WHAT THE TASK ASKS. Repeat the data word for word and skip the pictures.

COLLECTED DATA.
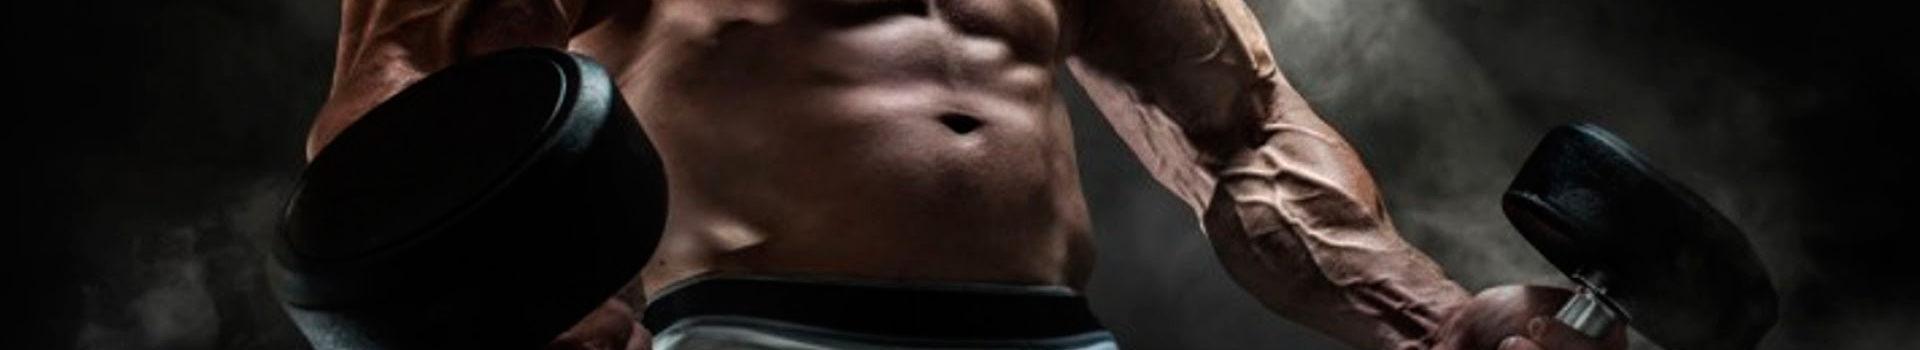 Entrenamiento de Biceps y Dieta
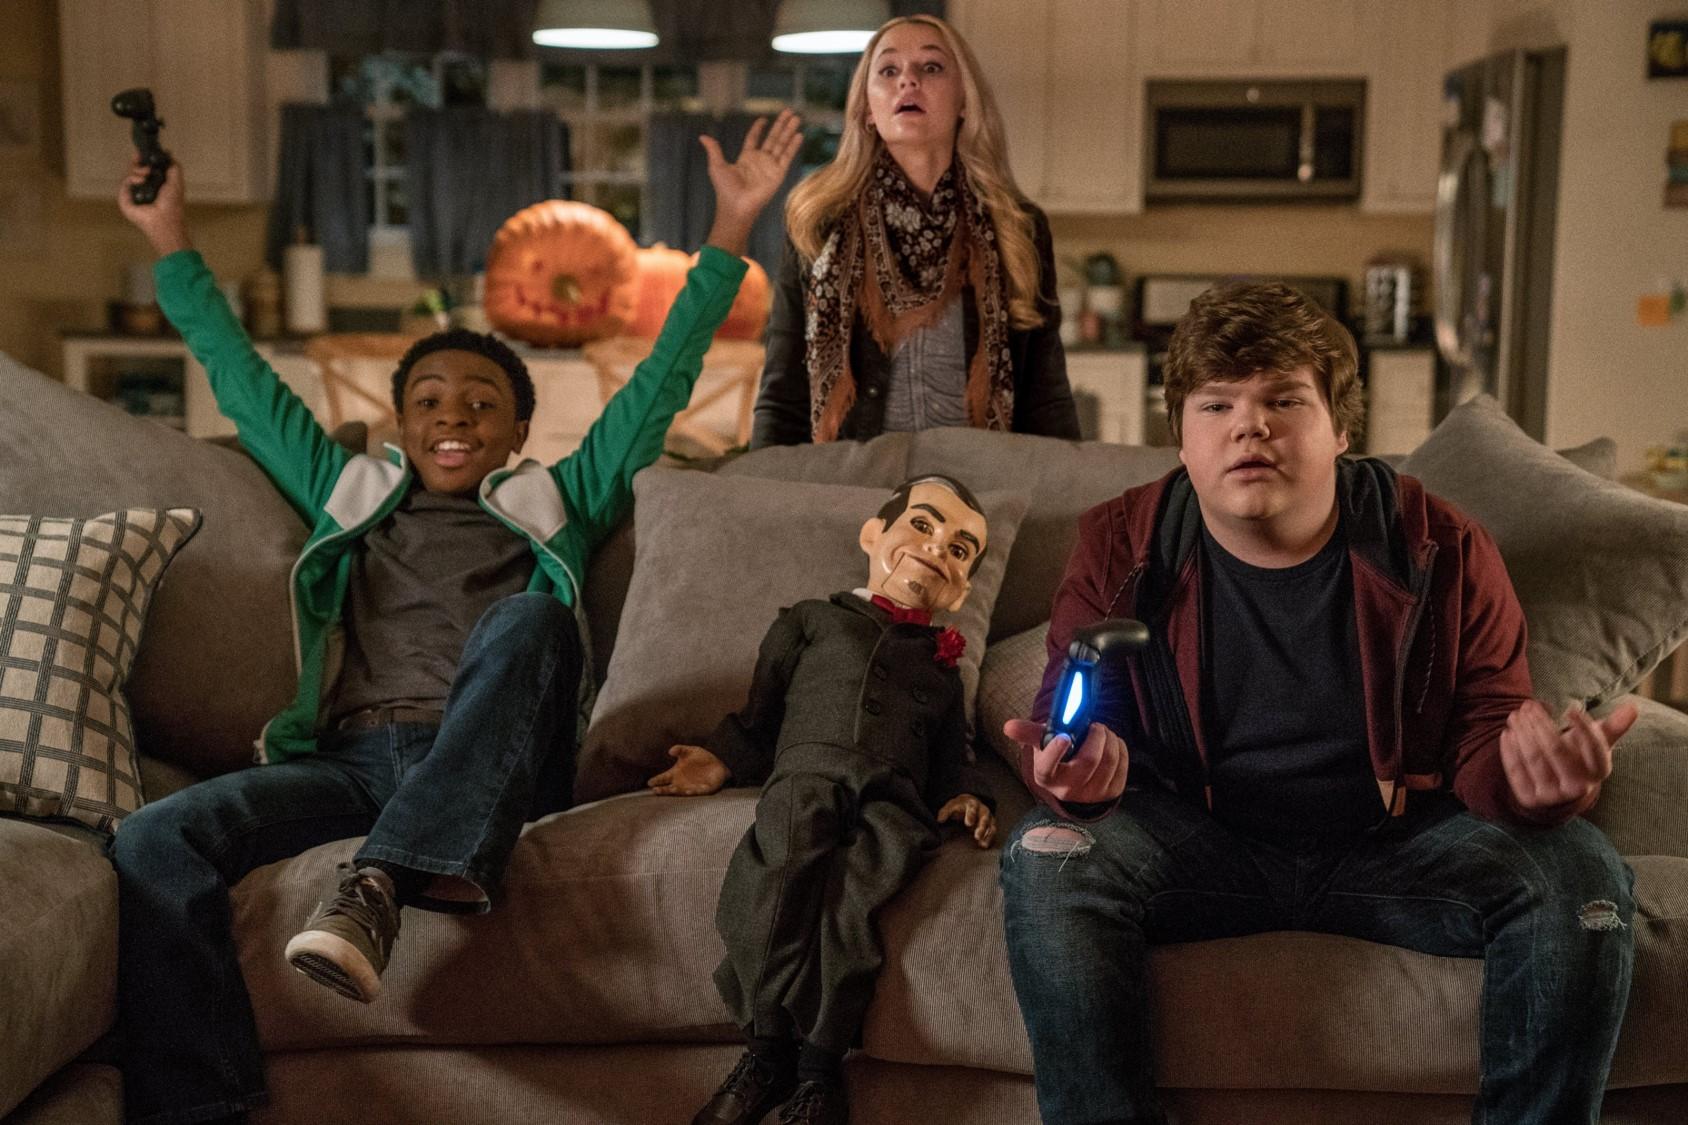 27d01d67d Ak ste si zamilovali film Jumanji: Vitajte v džungli a máte radi Halloween,  určite nevynechajte film Husia koža 2: Strašidelný Halloween, ktorý bude  mať ...
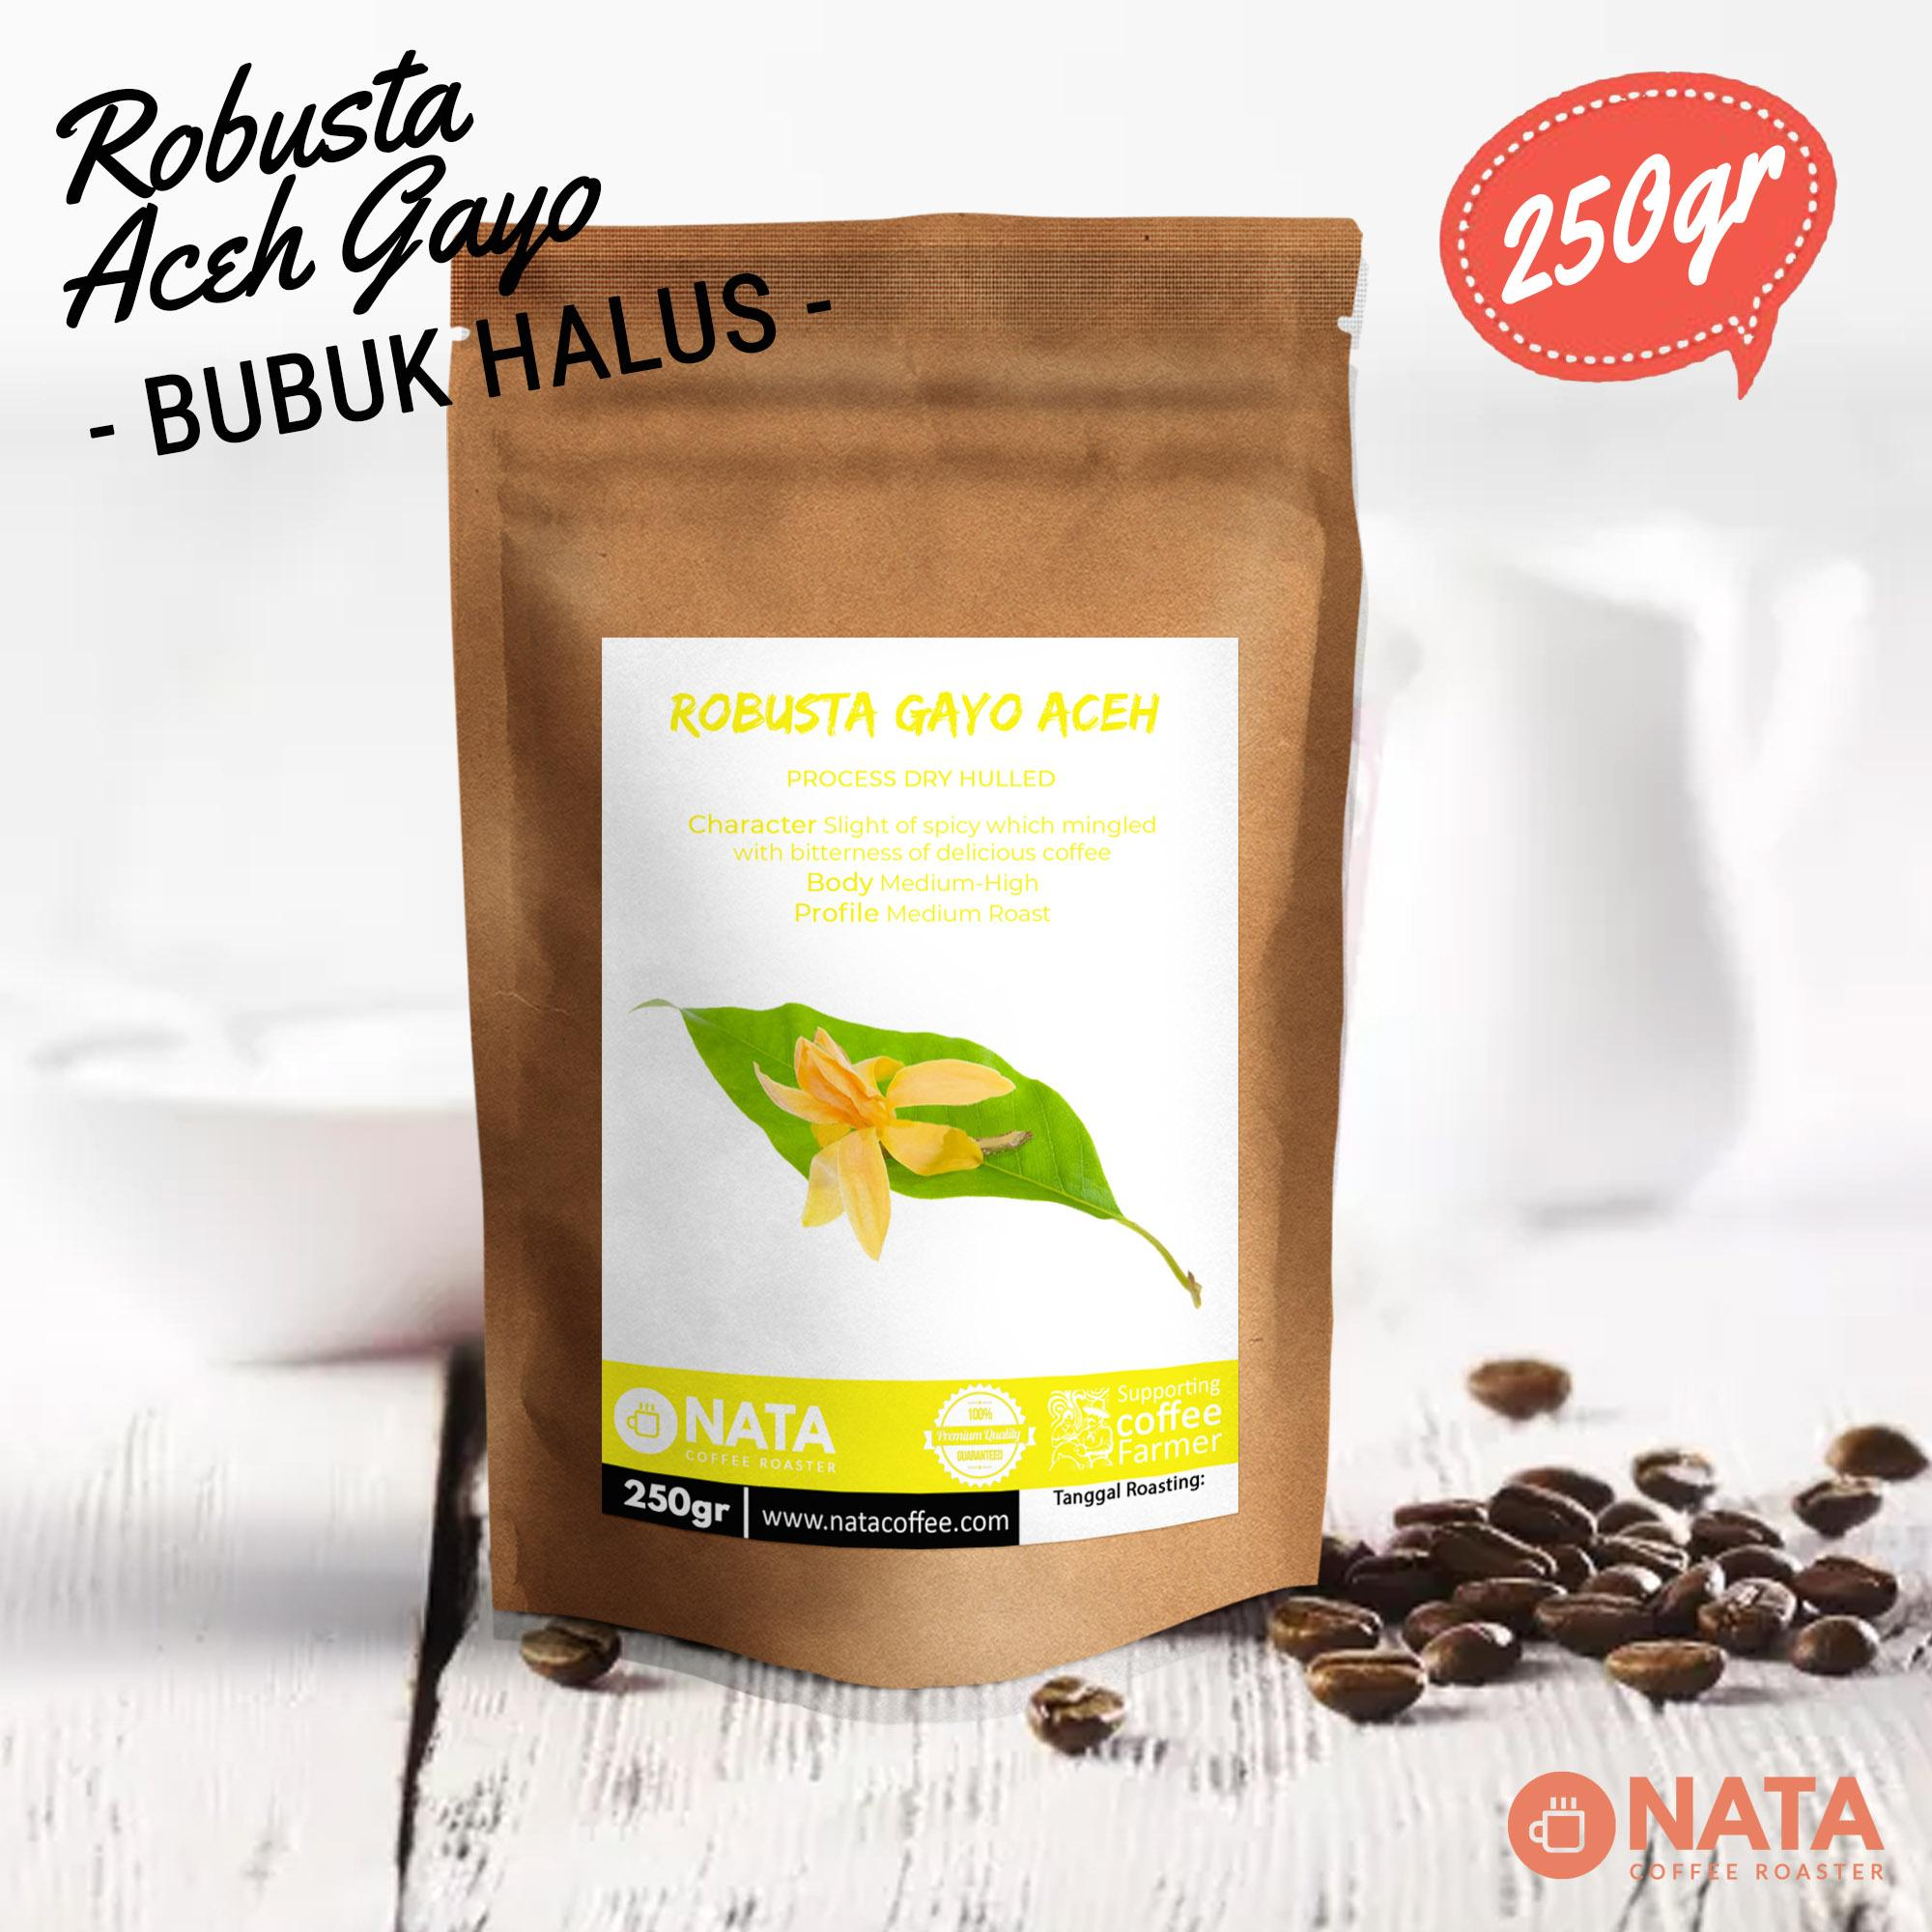 Gayo Land Coffee Kopi Robusta Super Ground 100gr Daftar Harga Premium 2pcs Idr 68000 Idr68000 View

TASK SOLUTION.
 Entrenamiento de Biceps y Dieta
 27d01d67d Ak ste si zamilovali film Jumanji: Vitajte v džungli a máte radi Halloween,  určite nevynechajte film Husia koža 2: Strašidelný Halloween, ktorý bude  mať ...
 Gayo Land Coffee Kopi Robusta Super Ground 100gr Daftar Harga Premium 2pcs Idr 68000 Idr68000 View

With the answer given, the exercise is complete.